In the present invention, a vaccine against TS refers to a substance having a function of inducing antitumor immunity when inoculated into an animal. According to the present invention, a polypeptide encoded by TS 1-346 or a fragment thereof may induce a strong and specific immune response against TS cells expressing TS 1-346 or HLA-A24 or It was suggested that this is an HLA-A * 0201 restricted epitope. Thus, the present invention also includes a method of inducing anti-tumor immunity using a polypeptide. In general, anti-tumor immunity includes immune responses such as:
-Induction of cytotoxic lymphocytes against the tumor,
-Induction of antibodies recognizing tumors, and-induction of anti-tumor cytokine production.

  Thus, if a protein induces any one of these immune responses upon inoculation to an animal, it is determined that the protein has an anti-tumor immunity inducing effect. Induction of anti-tumor immunity by the protein can be detected by observing the immune system's response to the protein in the host in vivo or in vitro.

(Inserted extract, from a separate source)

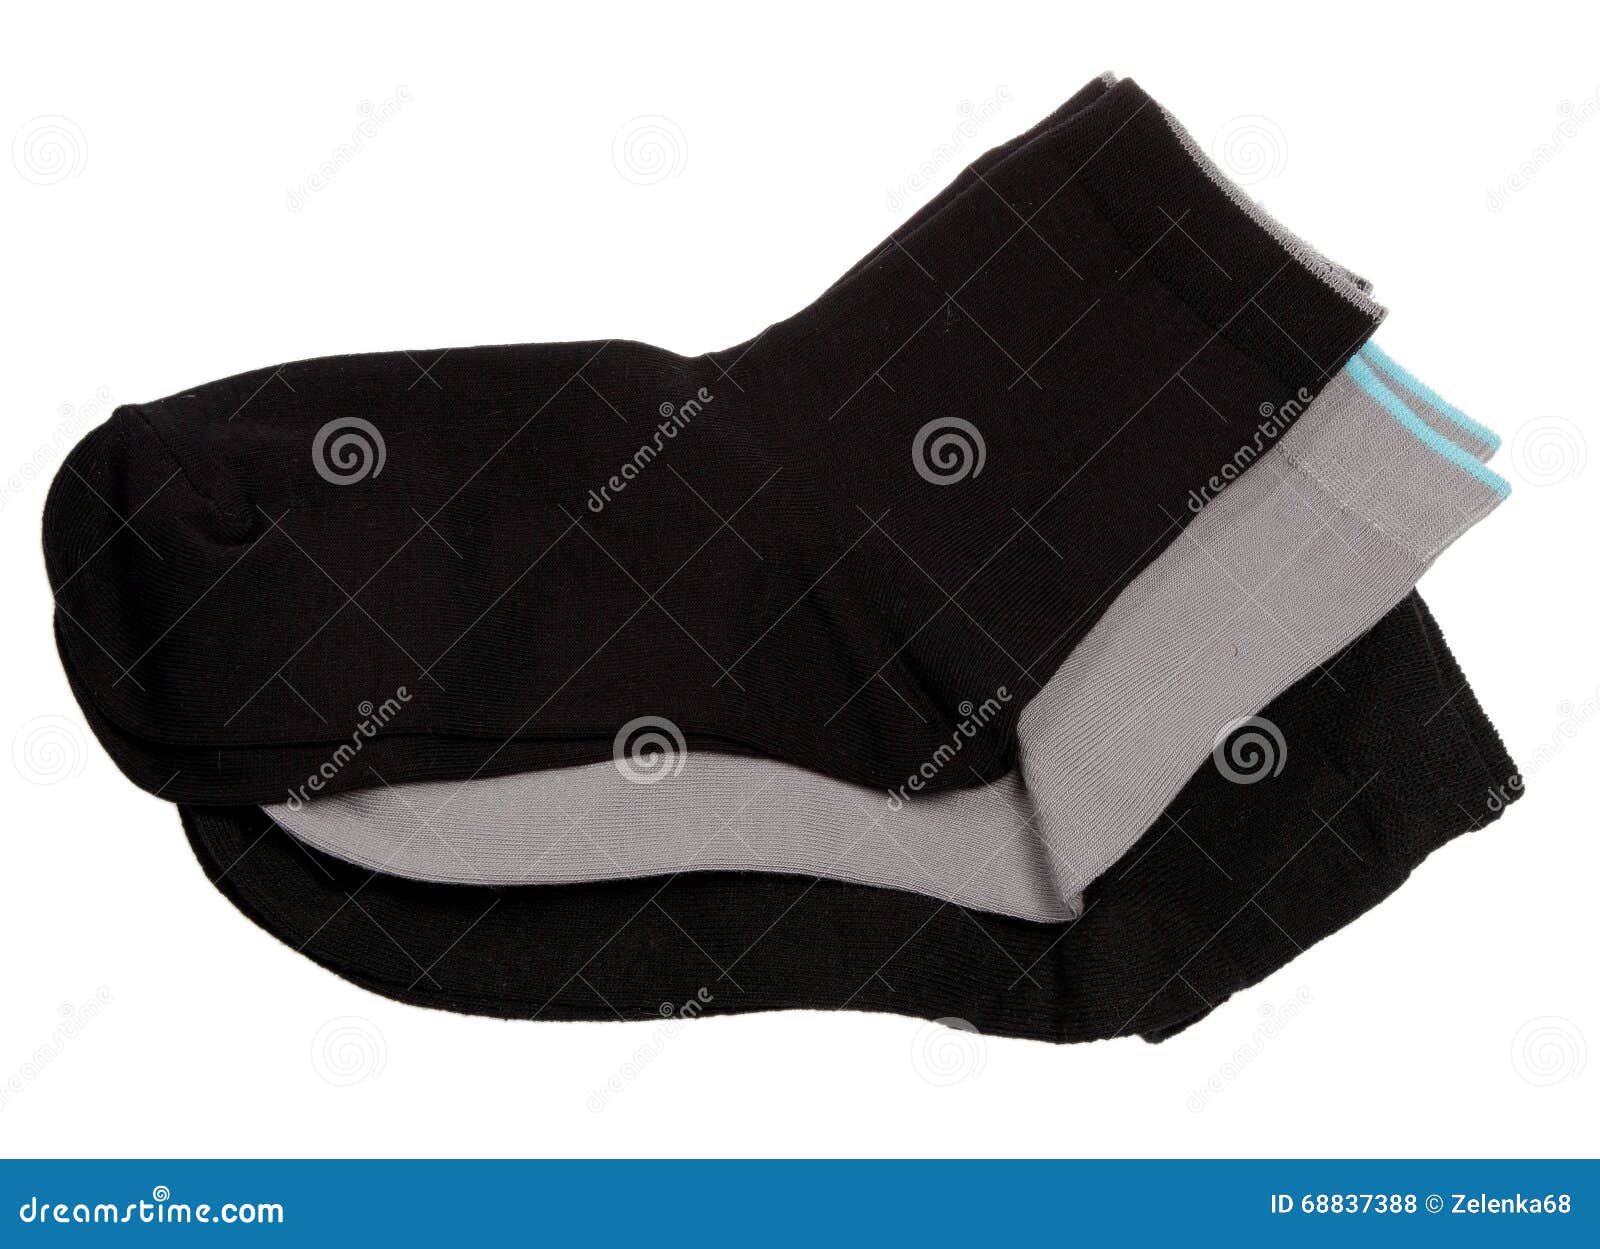 Socks on a White Background Stock Photo - Image of background, thread ...

  For example, a method for detecting the induction of cytotoxic T lymphocytes is well known. Foreign substances entering the living body are presented to T cells and B cells by the action of antigen-presenting cells (APC). T cells that respond antigen-specifically to the antigen presented by APC proliferate after differentiation into cytotoxic T cells (or cytotoxic T lymphocytes; CTLs) upon stimulation with antigen (this is T cells) Called activation). Therefore, CTL induction by a certain peptide can be evaluated by detecting the presentation of the peptide to T cells by APC and the induction of CTL. Furthermore, APC has the effect of activating CD4 + T cells, CD8 + T cells, macrophages, eosinophils, and NK cells. Since CD4 + T cells and CD8 + T cells are equally important in anti-tumor immunity, the anti-tumor immunity-inducing action of the peptides can be evaluated using the activation effect of these cells as an index.

A method for evaluating the inducing action of CTL using dendritic cells (DC) as APC is well known in the art. DC is a representative APC having the strongest CTL inducing action among APCs. In this method, the test polypeptide is first contacted with DC, which is then contacted with T cells. If a T cell having a cytotoxic effect on a target cell is detected after contact with DC, it indicates that the test polypeptide has an inducing activity of the cytotoxic T cell. The activity of CTL against tumor can be detected using, for example, lysis of ⁵¹ Cr-labeled tumor cells as an indicator. Alternatively, a method for evaluating the degree of tumor cell damage using ³ H-thymidine uptake activity or LDH (lactose dehydrogenase) release as an index is also well known.

  Apart from DC, peripheral blood mononuclear cells (PBMC) may be used as APC as well. It has been reported that the induction of CTL can be enhanced by culturing PBMC in the presence of GM-CSF and IL-4. Similarly, CTL has been shown to be induced by culturing PBMC in the presence of keyhole limpet hemocyanin (KLH) and IL-7.

  The test polypeptide confirmed to have CTL inducing activity by these methods is a polypeptide having a DC activation effect and subsequent CTL inducing activity. Therefore, polypeptides that induce CTL against tumor cells are useful as vaccines against tumors. Furthermore, APCs that have acquired the ability to induce CTLs against tumors by contacting with polypeptides are useful as vaccines against tumors. Furthermore, CTL that has acquired cytotoxicity due to antigen presentation of the polypeptide by APC can also be used as a vaccine against tumors. The treatment of such tumors using anti-tumor immunity with APC and CTL is called cellular immunotherapy.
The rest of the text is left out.